Solo due ore mi hanno lasciata dormire in pace.
‘Scar, giochi con meee?’,’Scar, metti in ordine la tua camera!’,’Scar, com’è andata a scuola?’
Caccio un urletto stizzito, mi dirigo verso la porta della mia camera e la sbatto violentemente. La guardo per circa tre secondi, cercando la calma che ho perso a causa dell’arrivo di mia madre e di mio fratello.
-Scar, vieni a vedere cosa ti ho comprato!-urla mia madre dal piano di sotto.
Queste sono le paroline magiche, e mia madre lo sa. Oh, e come se lo sa.
Scatto.
Apro la porta e faccio un balzo, planando delicatamente alla fine delle scale. Corro in cucina e guardo mamma con uno sguardo tra il sognante e il riconoscente.
So benissimo qual è lo scopo di quei piccoli regali. E mamma sa che io lo so. Solo mio padre non sa che mia madre sa che io so. E lui non sa. Neanche dei regali.
-Cos’è stavolta?-chiedo.
Mi guarda con il suo sguardo furbetto.-Apri il forno.
Il forno?
Faccio come mi ha detto, perplessa. Tiro leggermente l’anta del forno, solo per sbirciare un pochino. Ma alla vista del regalo, la spalanco in malo modo.

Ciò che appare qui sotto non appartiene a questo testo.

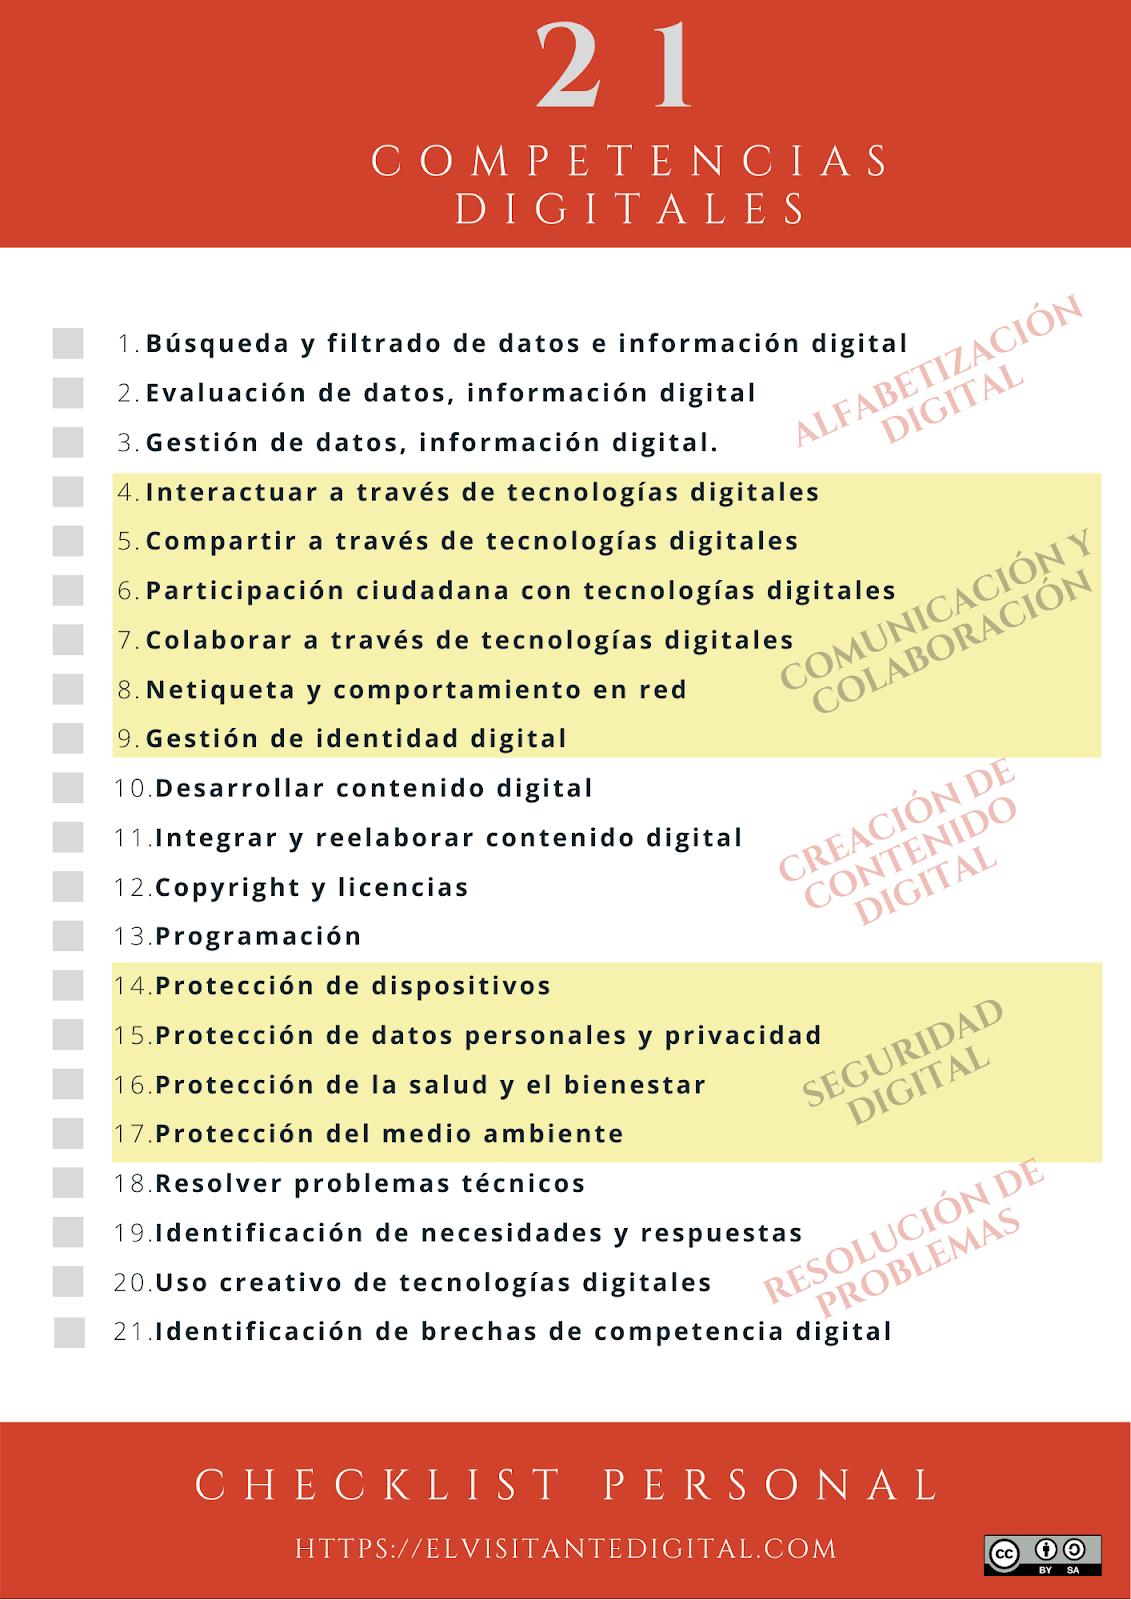 Las 21 competencias digitales imprescindibles de la sociedad digital actual

-Oh mio dio, mamma! Come…dove li hai trovati?
Due biglietti per il concerto dei One Way. Sold out in dodici minuti, introvabili da mesi ormai…
Stavolta deve essere davvero imminente.
Mi siedo, sospirando.-Quando?
-Appena arriva tua padre.-mi dice dispiaciuta.

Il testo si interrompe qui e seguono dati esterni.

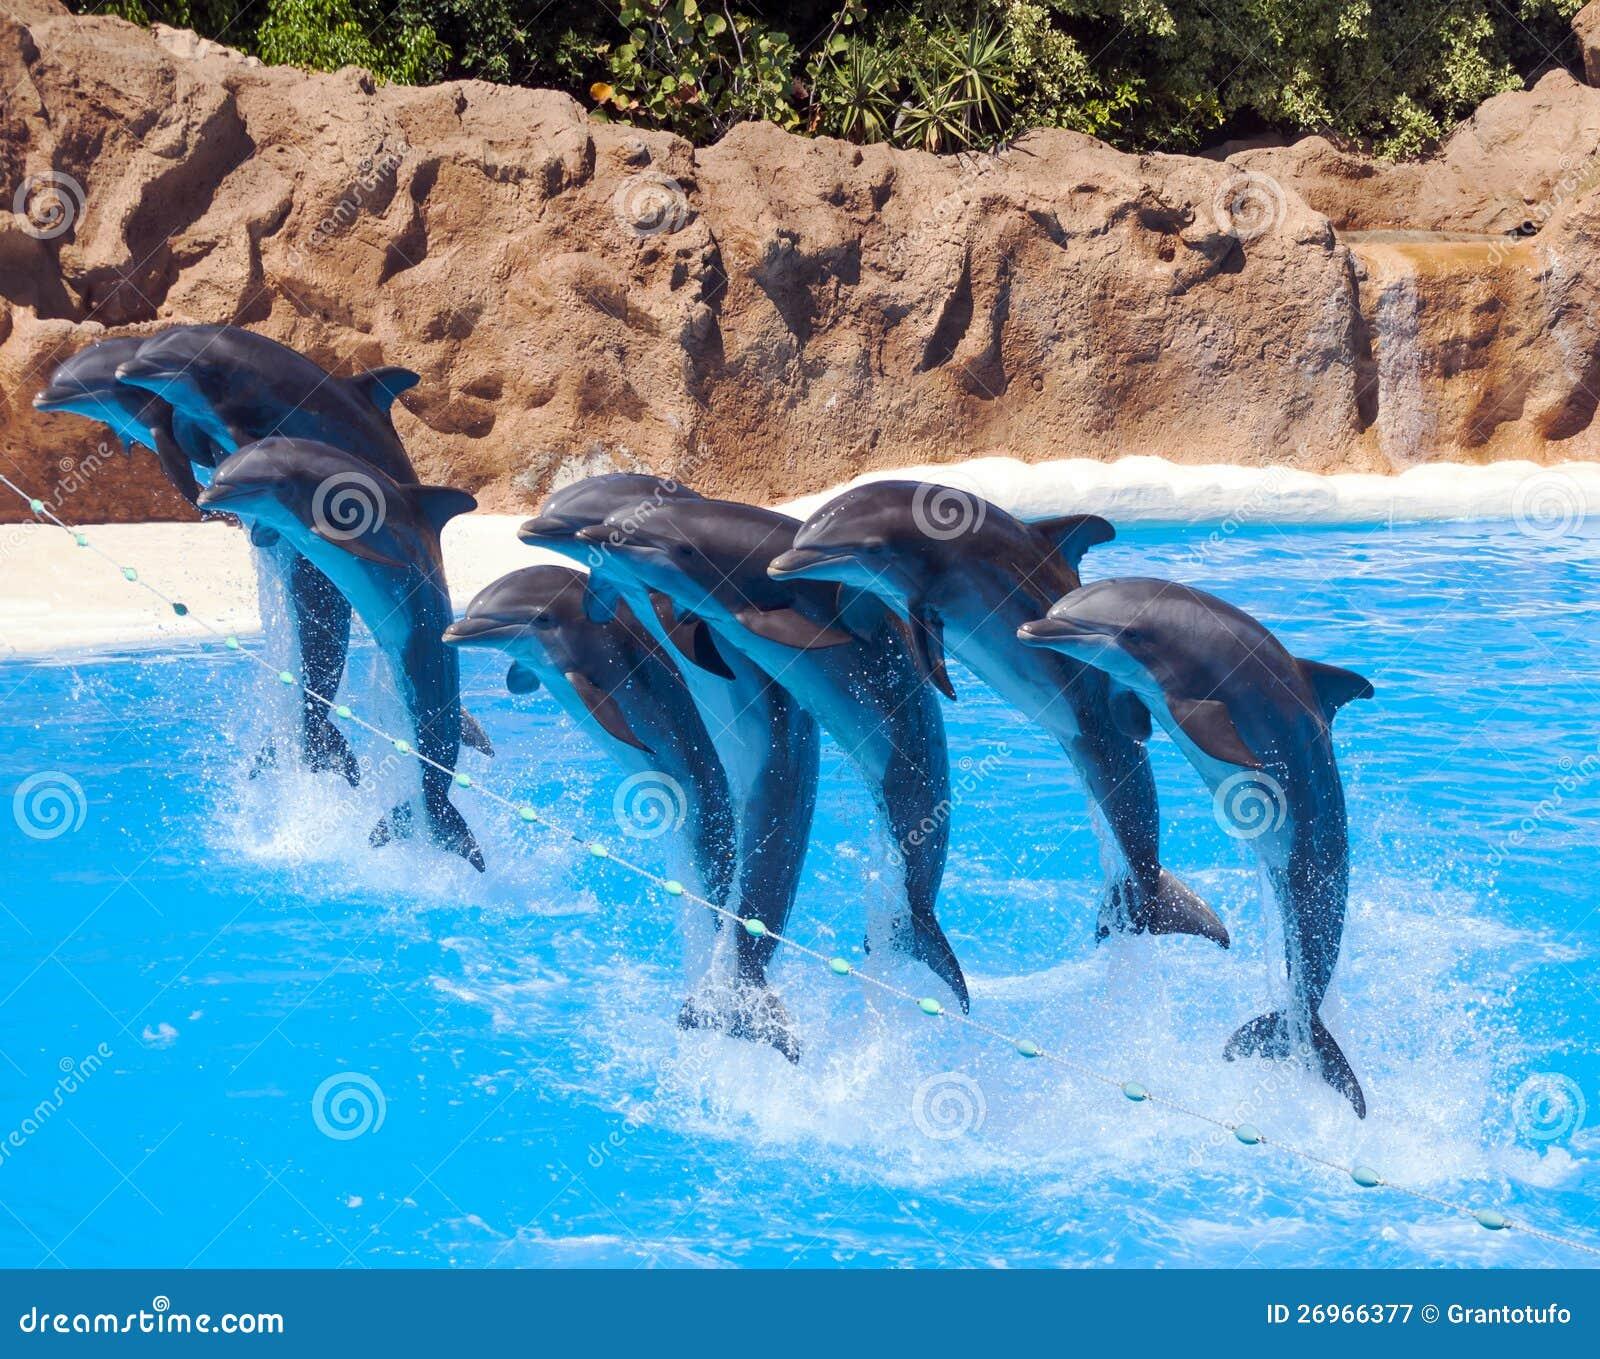 Springen mit acht Delphinen

-Cosa mi faranno?-sono preoccupata. E si sente dalla mia voce.
-Oh, amore.-mi viene vicino e mi da un bacio sulla fronte.-Faranno solo qualche semplice test, come le altre volte. Non devi aver paura.
-Sono a casa!-urla mio padre, aprendo la porta.
Mia madre mi guarda per altri cinque secondi in silenzio.-Siamo in cucina!-esclama, prima dirigersi verso i fornelli.
Nascondo i biglietti in tasca, mio padre non deve vederli. Aspetto che entra in cucina, gli do un bacio e mi dileguo su per le scale, in camera mia. Metto i biglietti nel mio baule e m’inizio a preparare.
Aprendo l’armadio, una domanda si fa spazio arrogantemente tra i miei pensieri…che cazzo mi metto?
Bussano alla porta.
-Avanti.- dico sovrappensiero.
La porta si apre impercettibilmente.-Vai di nuovo dal dottore?-chiede una vocina incrinata.
Mi giro. Un visino fa capolino in camera mia, con l’espressione devastata. Mi dirigo verso la porta e abbraccio il mio piccolo fratellino, asciugandogli le lacrime.
-Non è come l’ultima volta, Al.-dico.-Non devi preoccuparti, andrà tutto bene.
Lo ripeto come fosse una cantilena, più per convincere me stessa che la piccola peste.
 
Un lago.
Dopo due ore di viaggio, quello che ci troviamo davanti è un lago.
Scendiamo dalla macchina, tutti un po’ perplessi, e ci avviciniamo all’acqua limpidissima.
-Beh, -afferma mio padre.-magari hanno voluto rendere omaggio agli italiani.
La base italiana era situata sotto un grande lago, a sua volta contenuto in un’enorme reggia.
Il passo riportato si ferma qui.